This is my approach for the 7th problem of AdventOfCode 2021, including some related variations that I came up with. I’ll be using R
to implement the solutions.
Essentially, you are given $N$ data points $X = \langle x_i \rangle$ (could contain duplicates). You have to find an integer point $y$ minimizing the sum of distances - $\sum_i d(y, x_i)$. Each part has a different distance function:
Let’s optimize the expression with the distance function $d_1$. This is a very standard problem - the optimal point is the median. When there are two medians, any value between those two is optimal.

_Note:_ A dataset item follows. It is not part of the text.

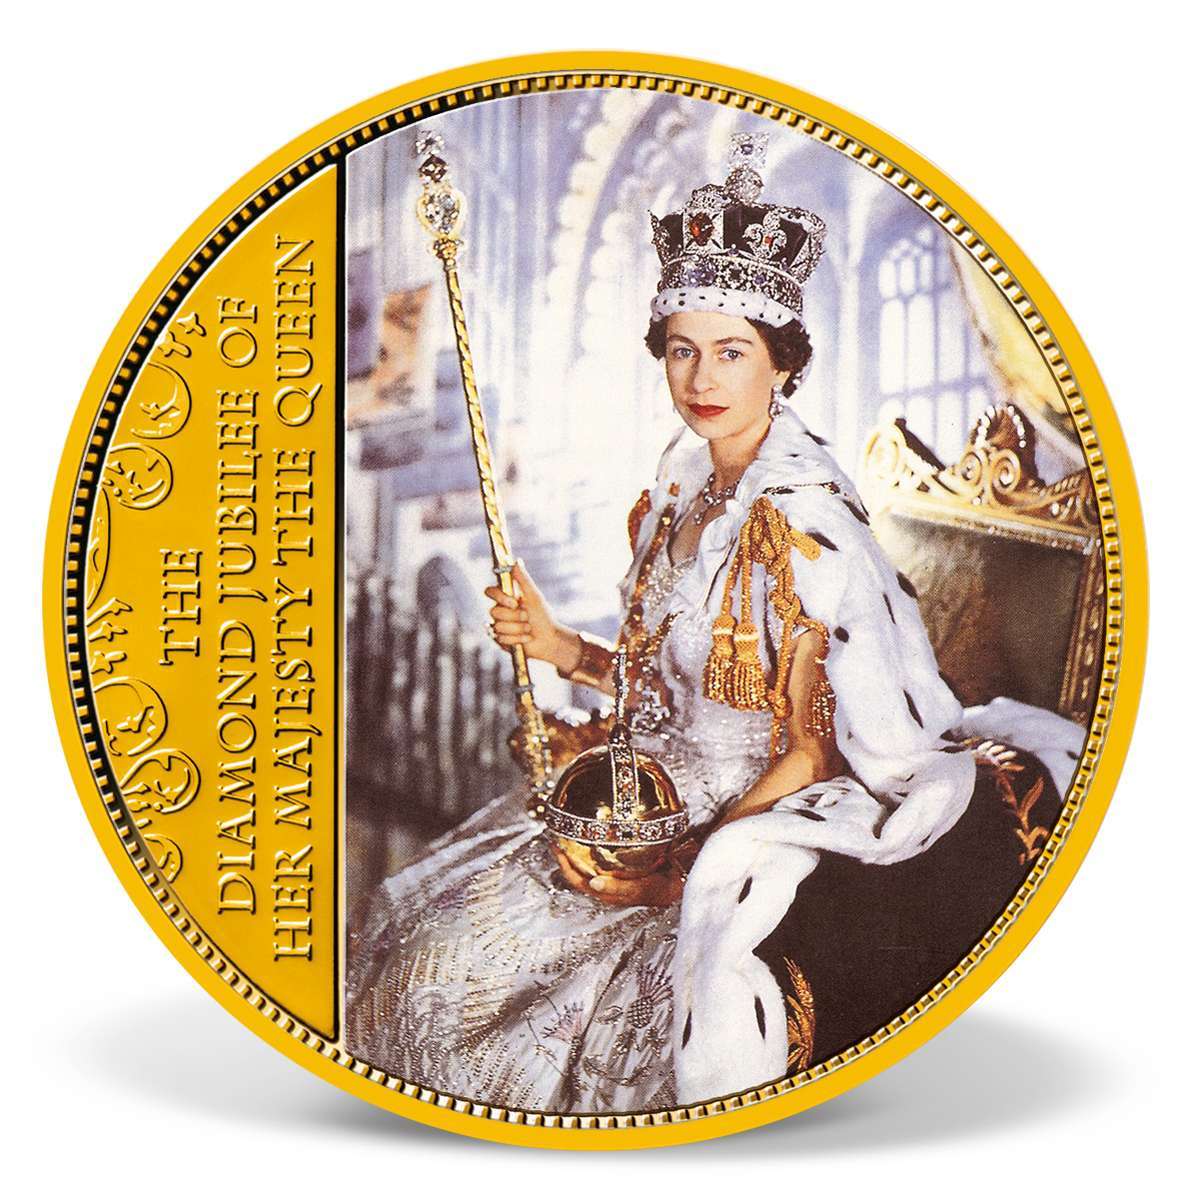 Queen Elizabeth II Diamond Jubilee Colossal Commemorative Coin Gold
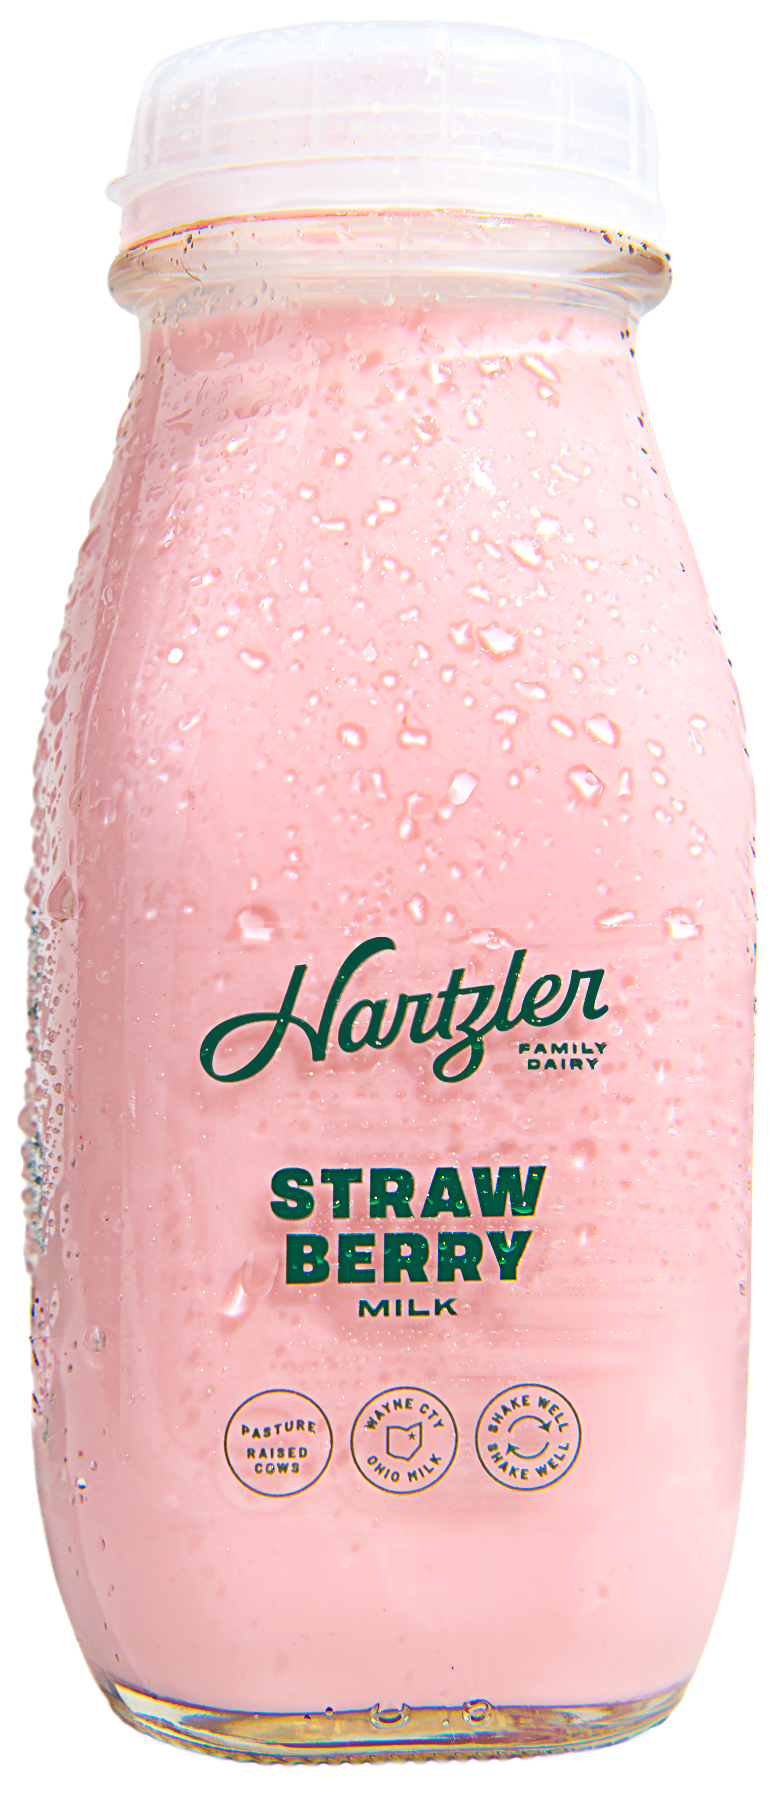 CC-Hartzler-Strawberry

Proof (informal): Say you pick a $y$ which is not between the medians. This means that there are more points on one side of it. WLOG say that it’s the right side. Now if we consider $y’ = y + 1$. For each point on the right, the total cost would decrease by $1$ each. And for each on the left it would increase by $1$. So the total cost would decrease, contradicting that $y$ was optimal.
sum(abs(X - median(X)))
First a simpler distance function: $d_s(a, b) = (a - b)^2$. So the total cost would be $C(y) = \sum_i d_s(y, x_i) = \sum_i (y - x_i)^2$
Now notice that $C(y)$ is a quadratic equation in $y$. It has only one minimum, at the point where the derivative is zero. $C’(y) = \sum_i 2(y - x_i) = 0 \implies y = \frac{\sum_i x_i}{N} = \overline{X}$
For optimal integer points, we just round $\overline{X}$. As it is a quadratic, the closer integer will have lower cost.

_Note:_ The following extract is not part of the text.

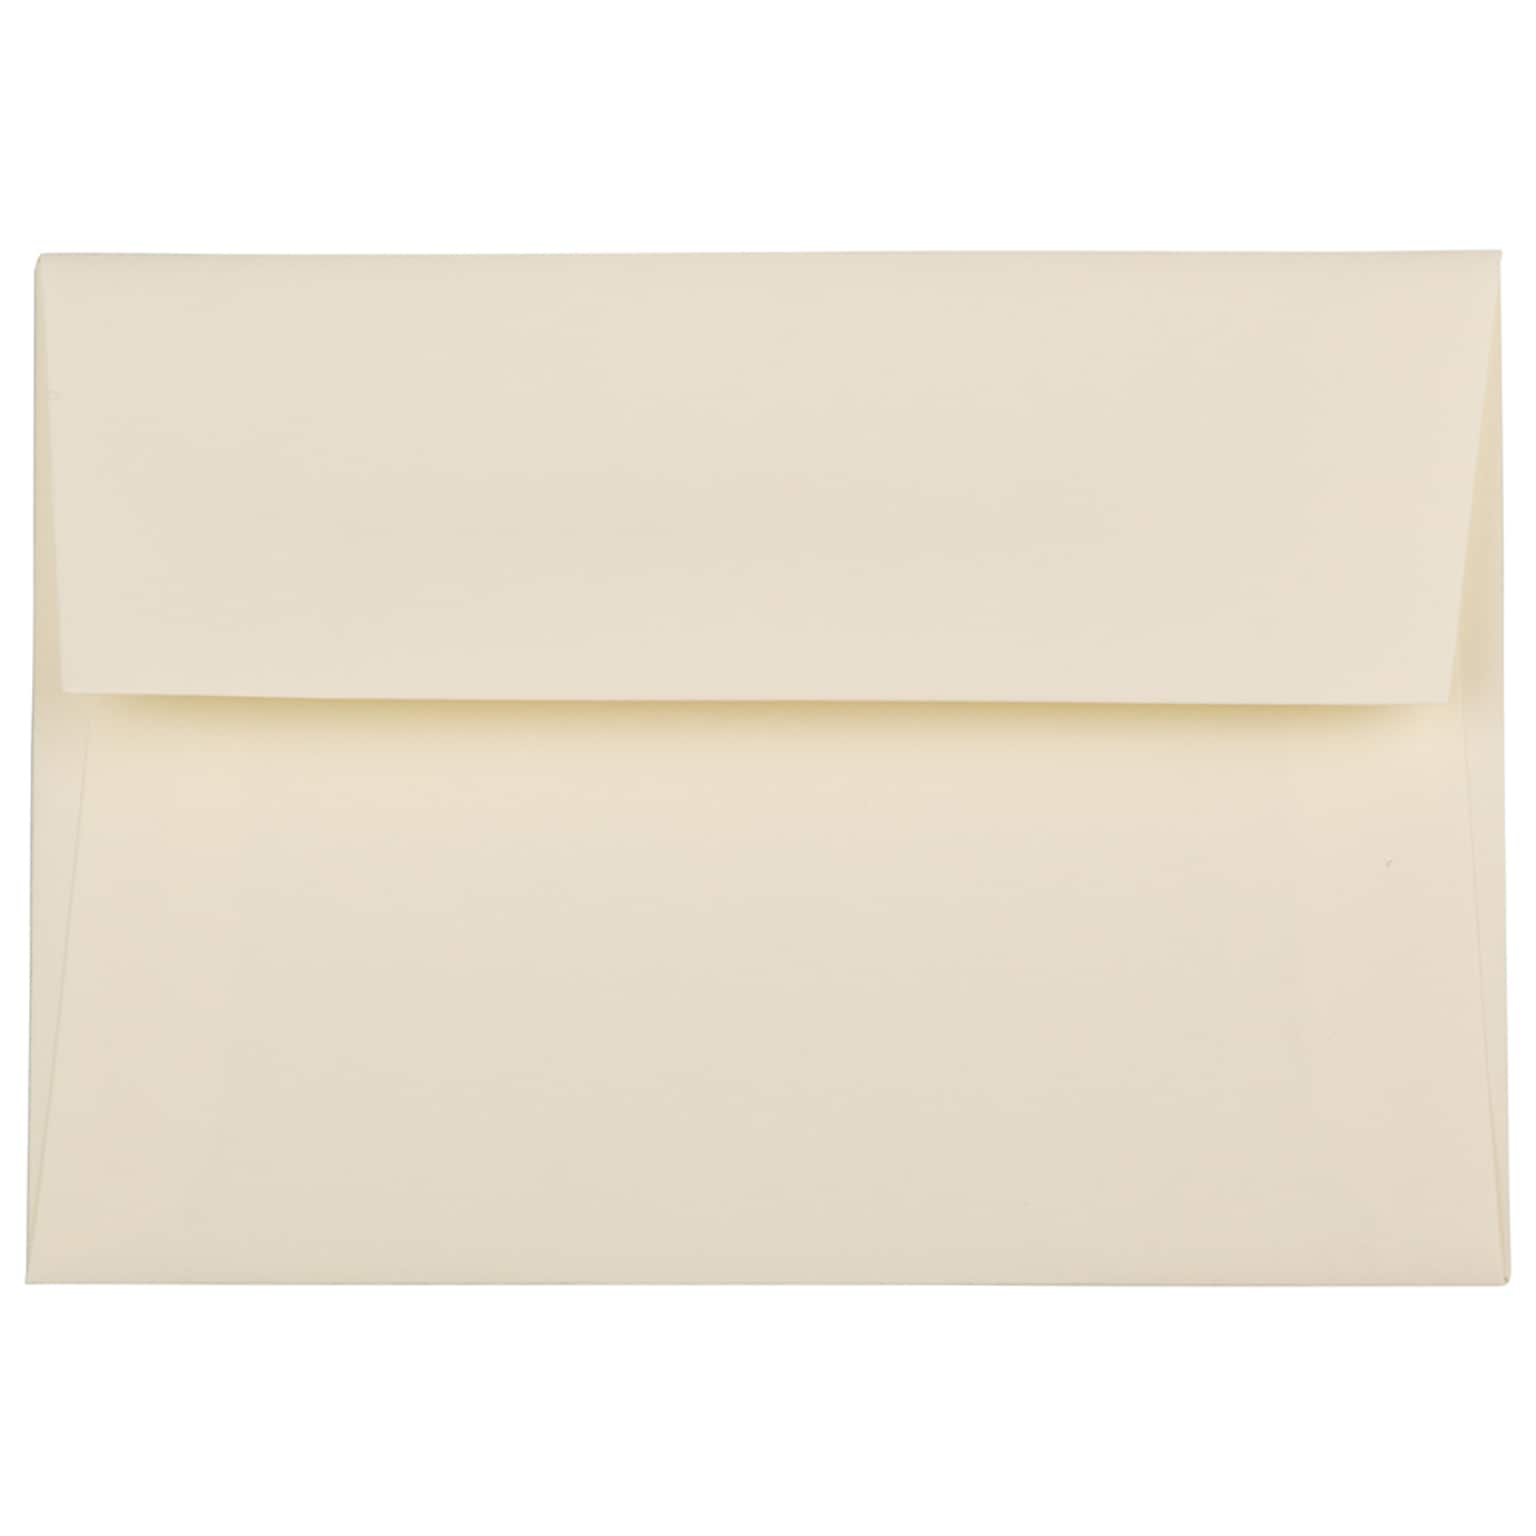 JAM Paper 4Bar A1 Strathmore Invitation Envelopes, 3.625 x 5.125, Ivory Wove, Bulk 250/Box (191133H)

sum((X - round(mean(X)))^2)
Now we’ll use the actual distance function for part 2 - $d_c(a,b) = g(g + 1) = 2 d_2(a, b)$ where $g = |a - b|$. They both will have the same optimal $y$.
\[\begin{eqnarray} C(y) &=& \sum_i d_c(y, x_i) \\ &=& \sum_i \bigg((y - x_i)^2 + |y - x_i|\bigg) \\ &=& \sum_i (y - x_i)^2 + \sum_i |y - x_i| \end{eqnarray}\]As this function is not differentiable, let us consider separate ranges for $y$. For each $1 \le j < N$, let $C_j(y)$ be the cost function when $x_j \le y < x_{j+1}$ (WLOG assume $X$ is sorted in ascending order).
\[\begin{eqnarray} C_j(y) &=& \sum_i (y - x_i)^2 + \sum_i |y - x_i| \\ &=& \sum_i (y - x_i)^2 + \sum_{i = 1}^{j} (y - x_j) + \sum_{i = j + 1}^{N} (x_j - y) \\ &=& \sum_i (y - x_i)^2 + jy - \sum_{i = 1}^{j} x_j - (N - j)y + \sum_{i = j + 1}^{N} x_j \\ &=& \sum_i (y - x_i)^2 + (2j - N)y - \sum_{i = 1}^{j} x_j + \sum_{i = j + 1}^{N} x_j \end{eqnarray}\]And it’s derivative would be:
\[\begin{eqnarray} C_j'(y) &=& \sum_i 2(y - x_i) + (2j - N) \\ &=& 2Ny - 2N\overline{X} + (2j - N) \\ &=& 2N\bigg(y - \overline{X} + \frac{j}{N} - \frac{1}{2} \bigg) \\ &=& 0 \\ \implies y_j &=& \overline{X} + \frac{1}{2} - \frac{j}{N} \end{eqnarray}\]This gives us $N$ candidates $y_j$ for the optimal positon. Now we can compute the cost for each of these values, and pick the best one.
min(sapply(round(mean(X) + 0.5 - seq(1, N)/N),
function(y) { sum((X - y)^2 + abs(X - y))}))
This has complexity $O(N^2)$, which is quite slow. Let us optimize that. Instead of taking every value, we’ll only consider the unique values. As we are rounding off $y_j$, and $\overline{X} - \frac{1}{2} \le y_j < \overline{X} + \frac{1}{2}$, we will have at most two interesting integer values.
min(sapply(unique(round(mean(X) + 0.5 - seq(1, N)/N)),
function(y) { sum((X - y)^2 + abs(X - y))}))
This would run in $O(N)$, which is as fast as it gets.